**Exercise instructions**. Starting with the line that contains "solar power, solar" and ending with the last line of the listing, print each line exactly. Pictures stay out.

━━━ Collected data ━━━

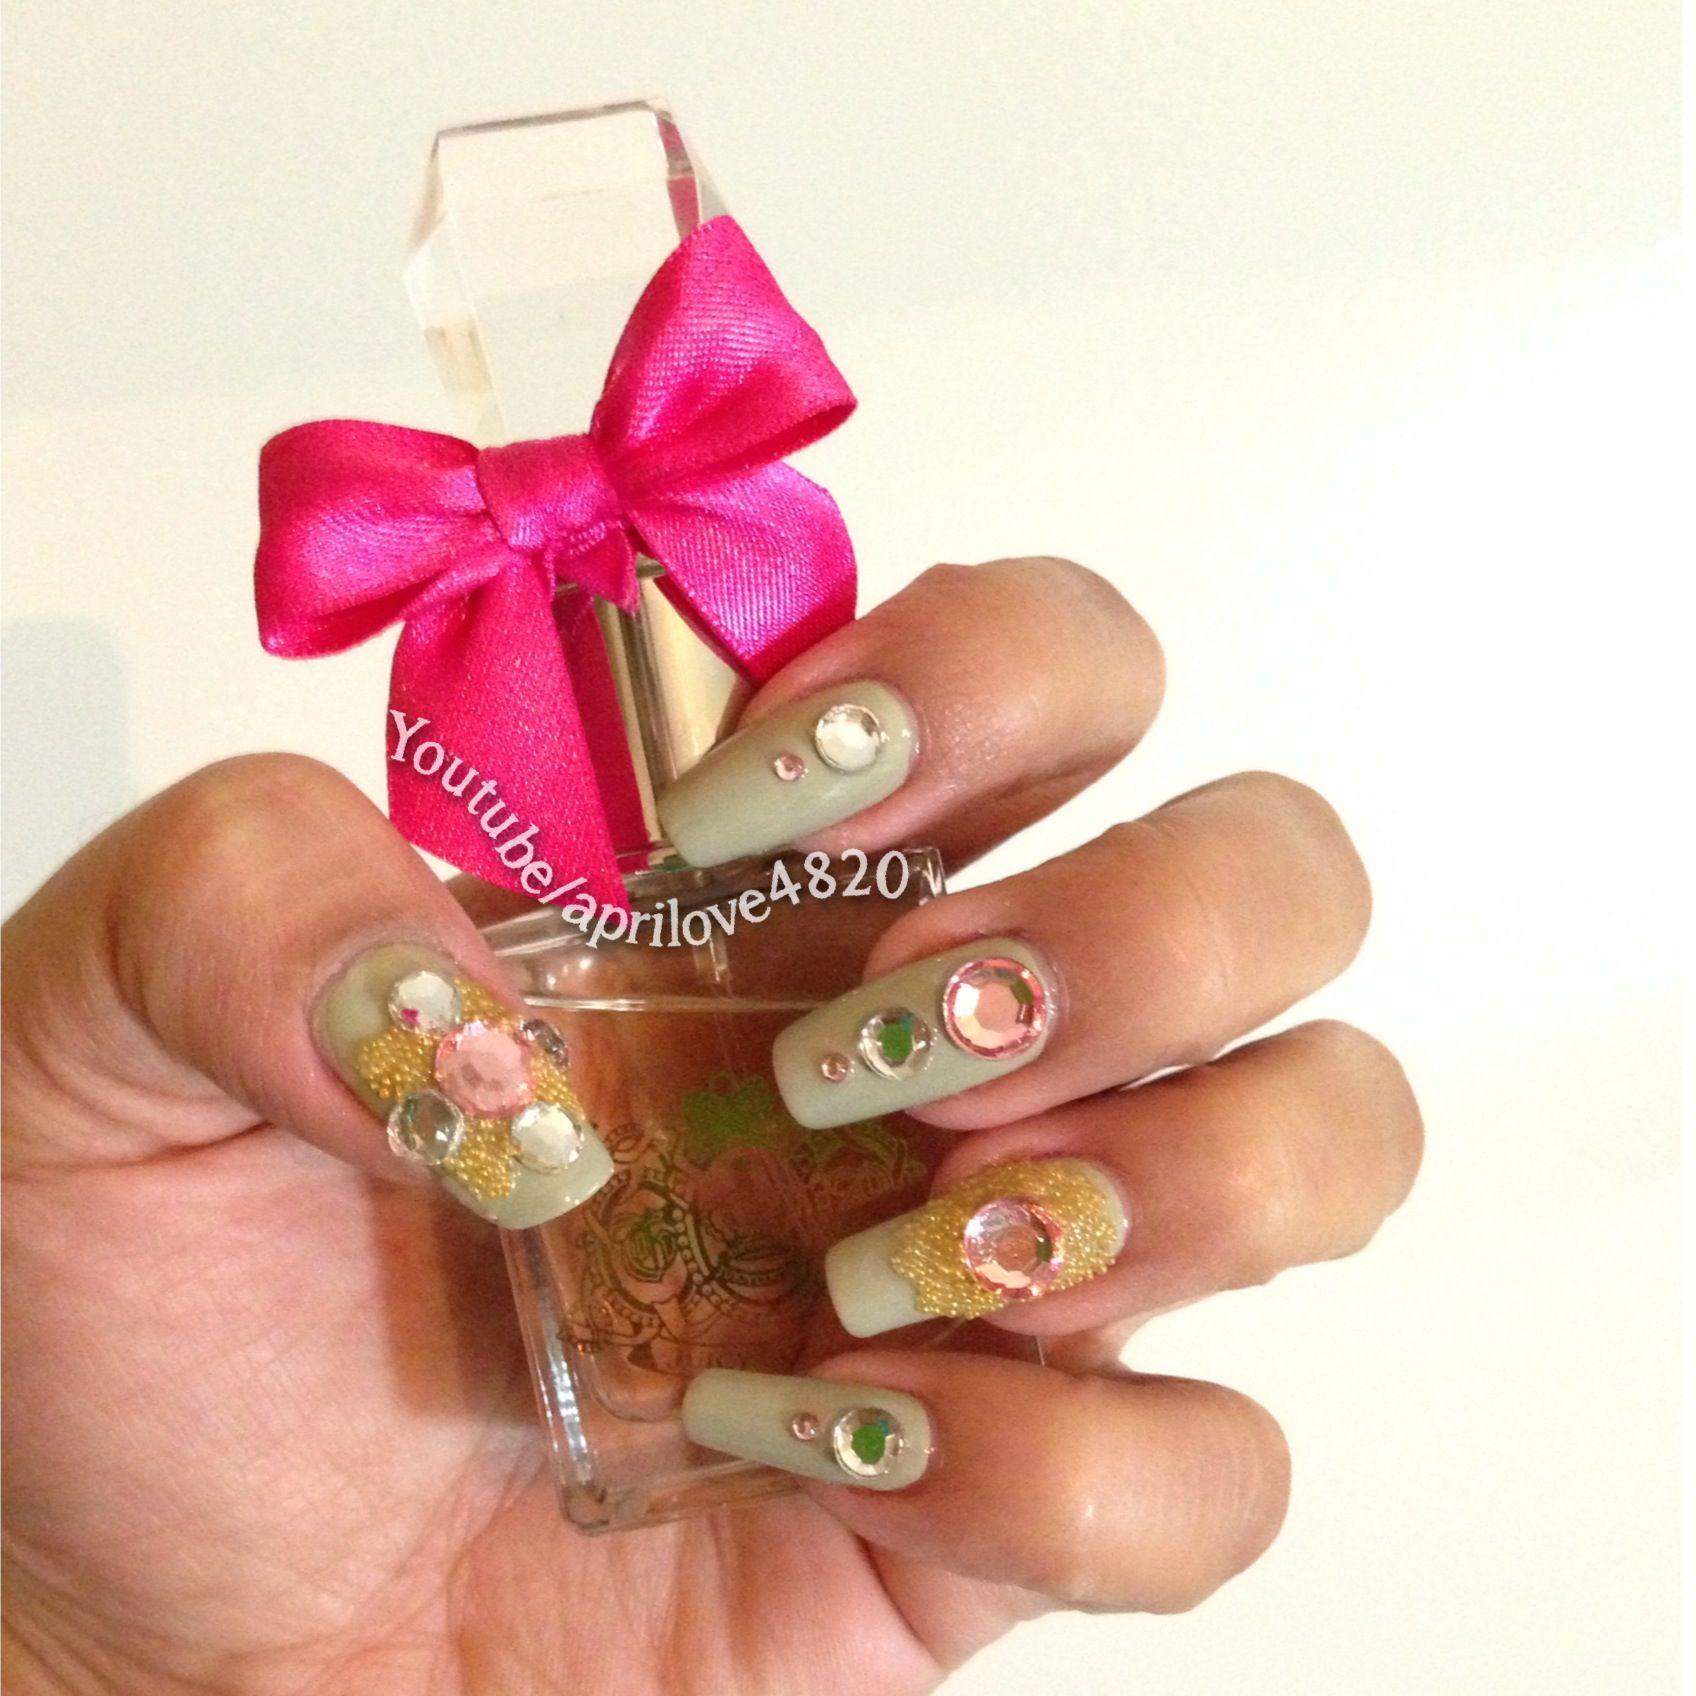 Girly nails #nails #nailart #nail ideas #fall nails #nails for fall ...
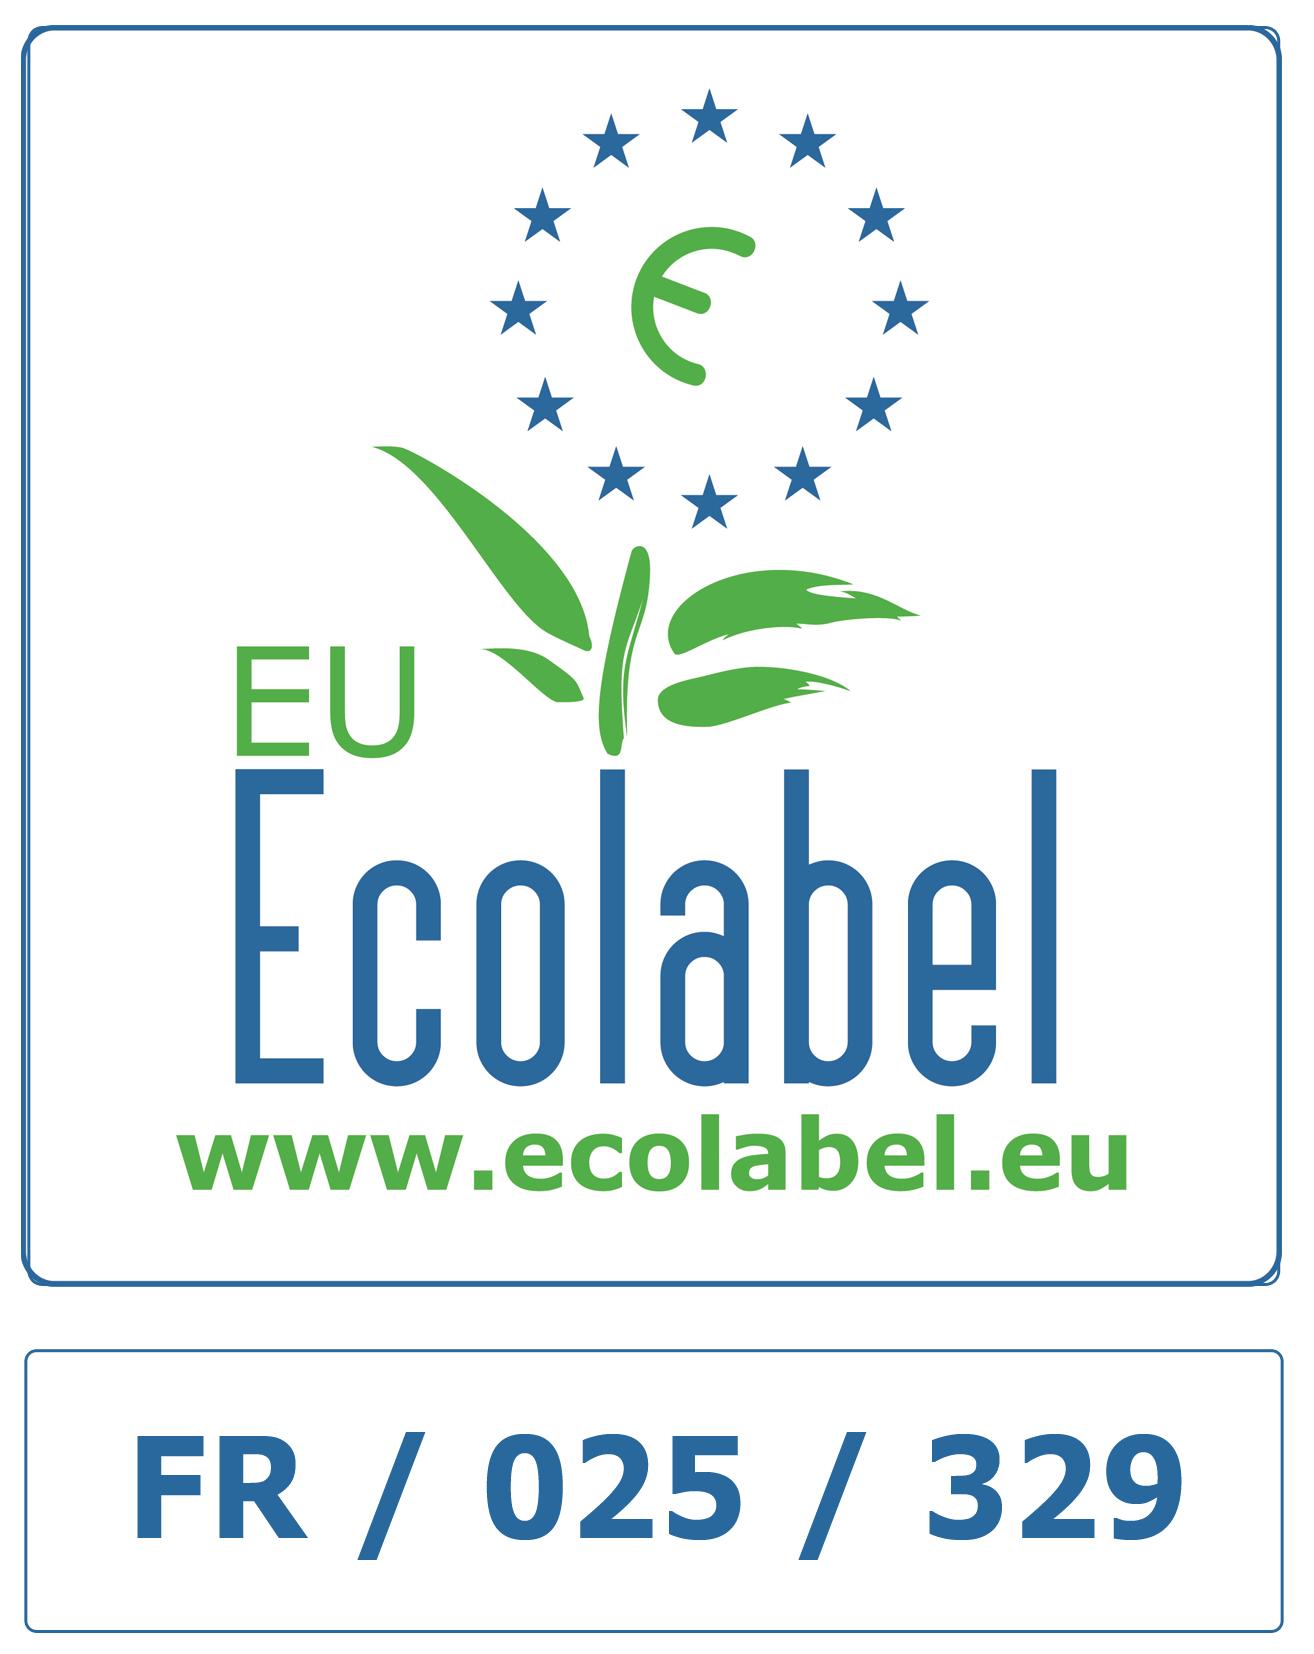 Ecolabel - Auberge des dunes - Rêves de Mer
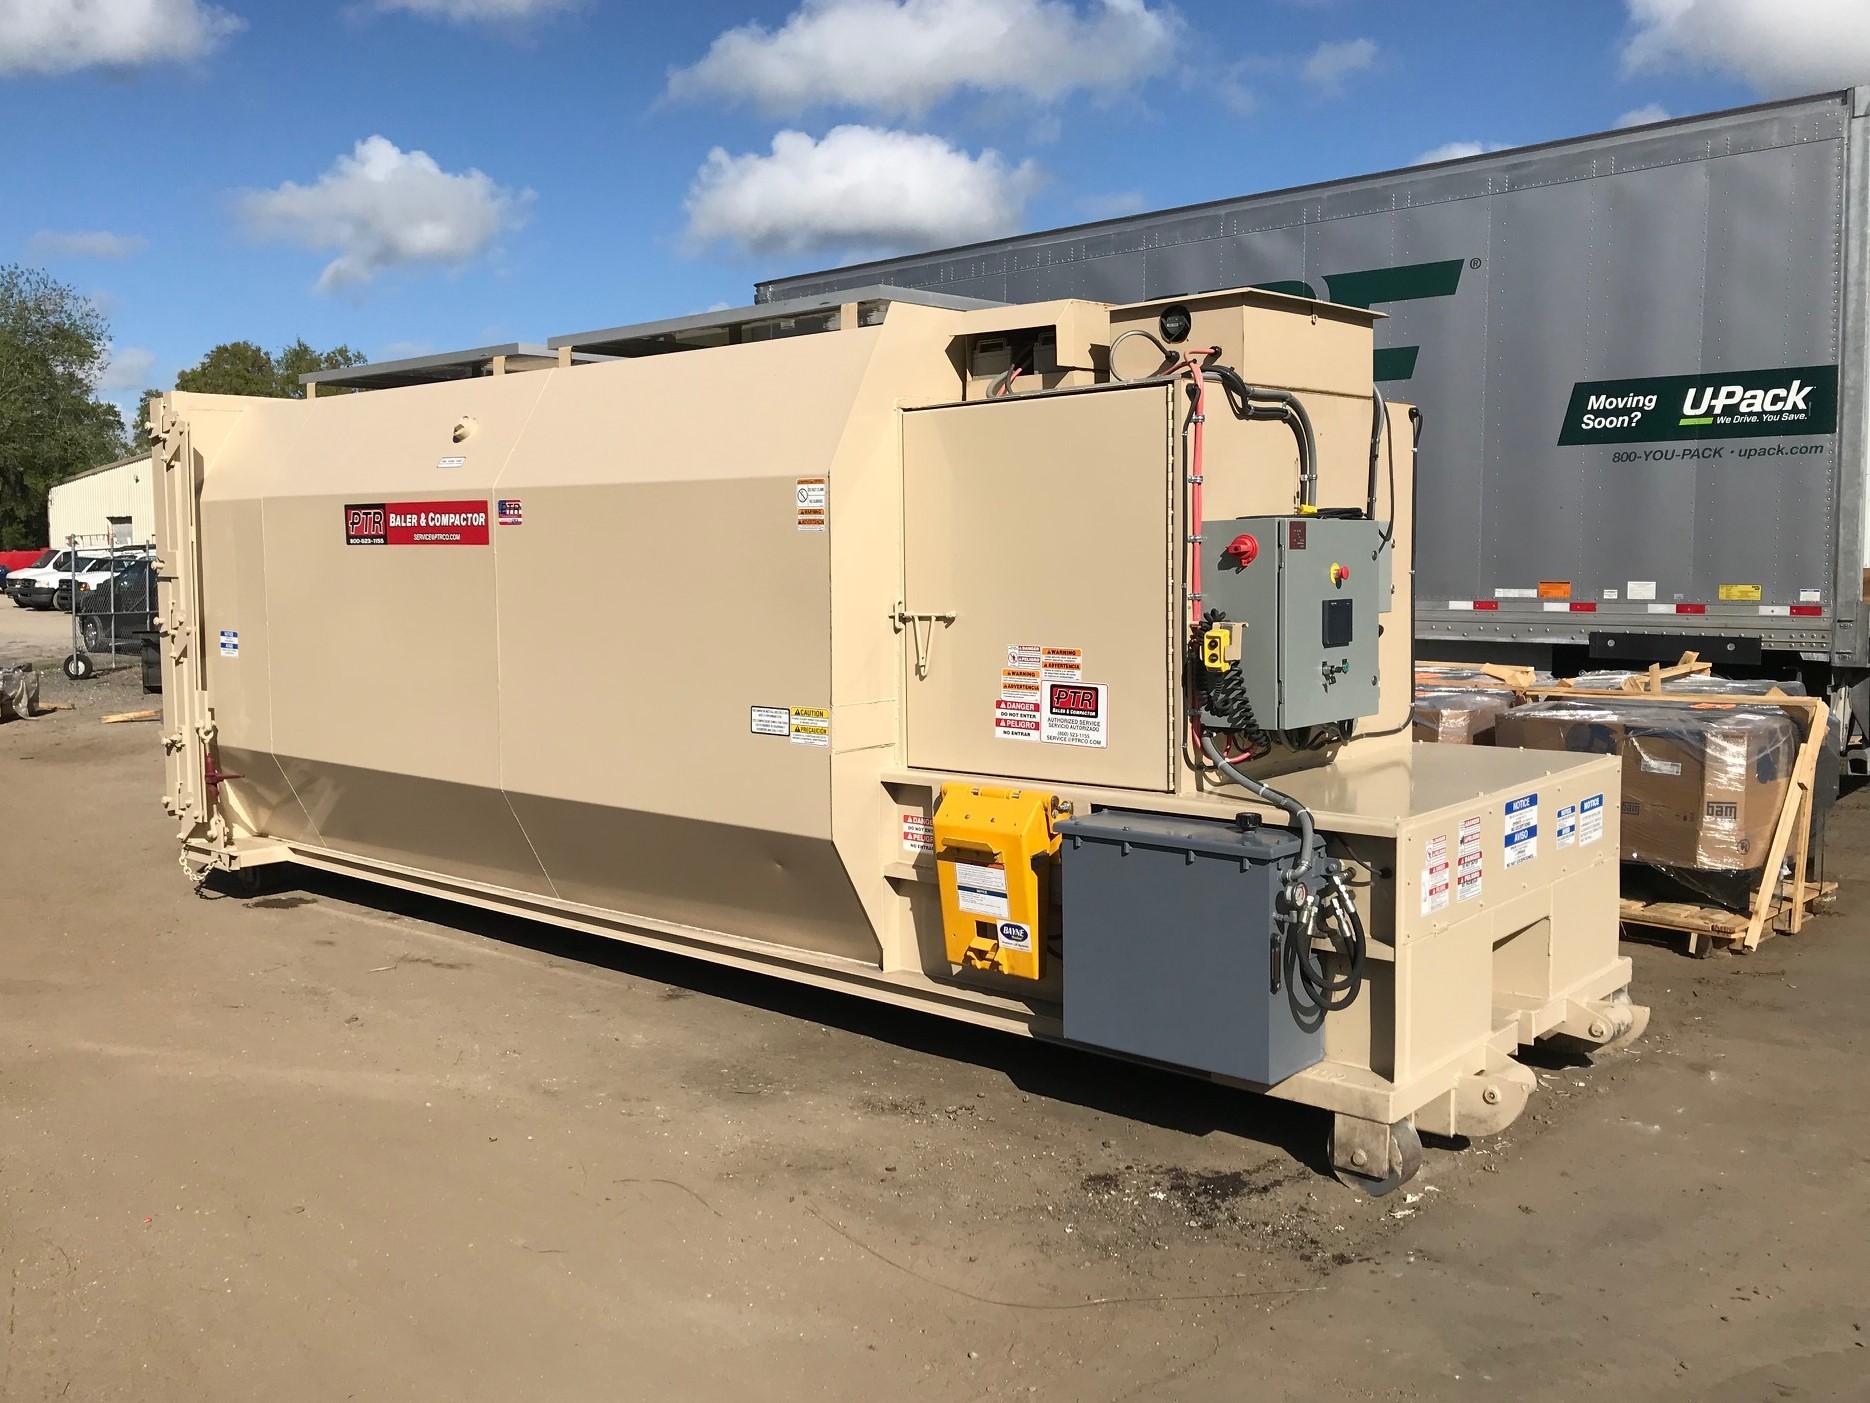 solar power, solar energy, baler, compactor, waste compactor, recycling baler
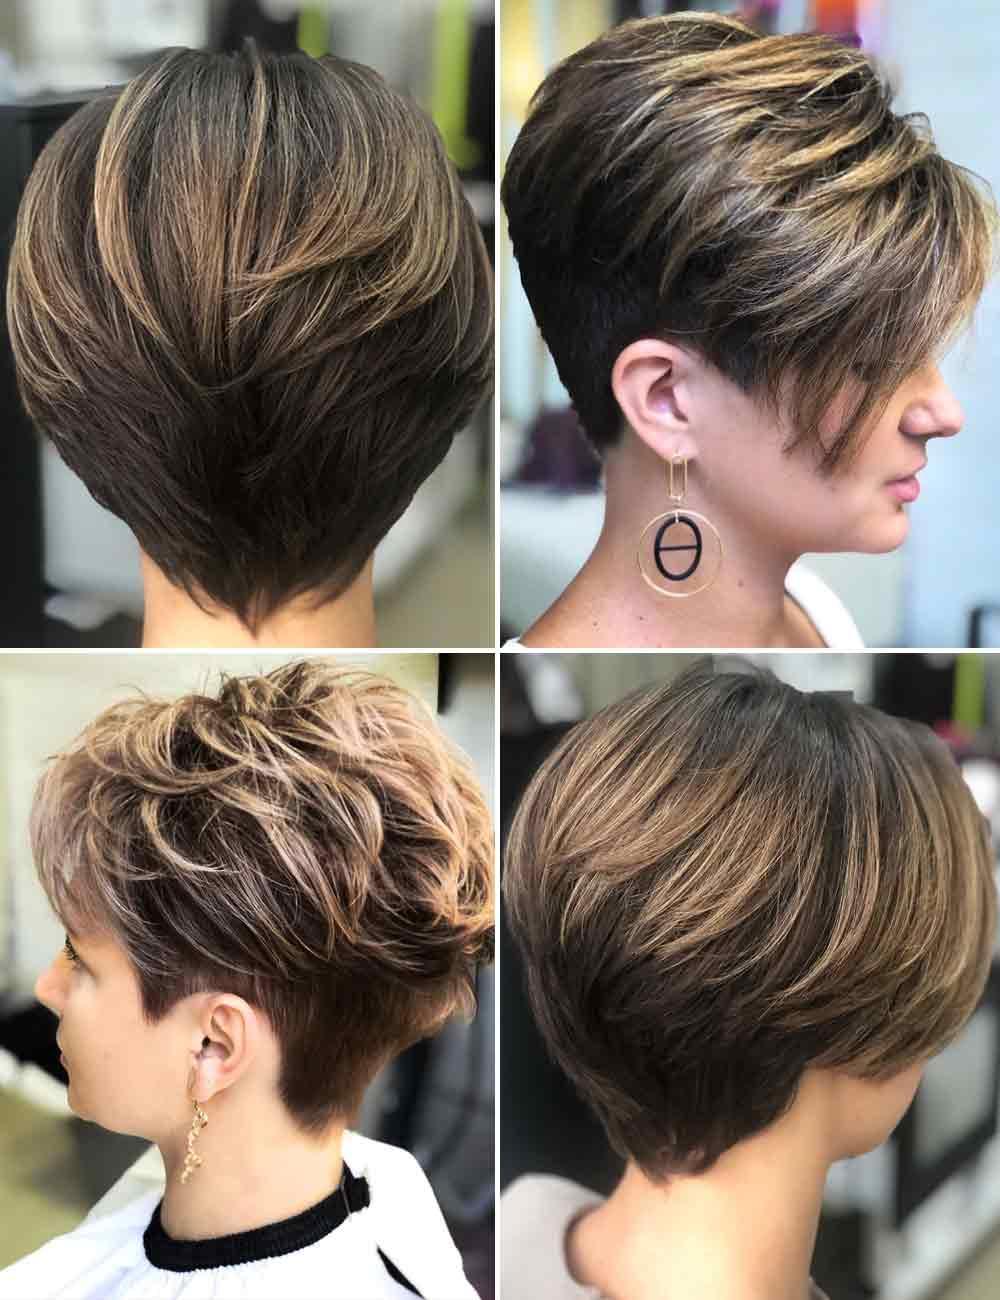 Abrigos de pelo corto para mujer 2021 invierno

━━━

**Answer to the exercise**.
 solar power, solar energy, baler, compactor, waste compactor, recycling baler
 Abrigos de pelo corto para mujer 2021 invierno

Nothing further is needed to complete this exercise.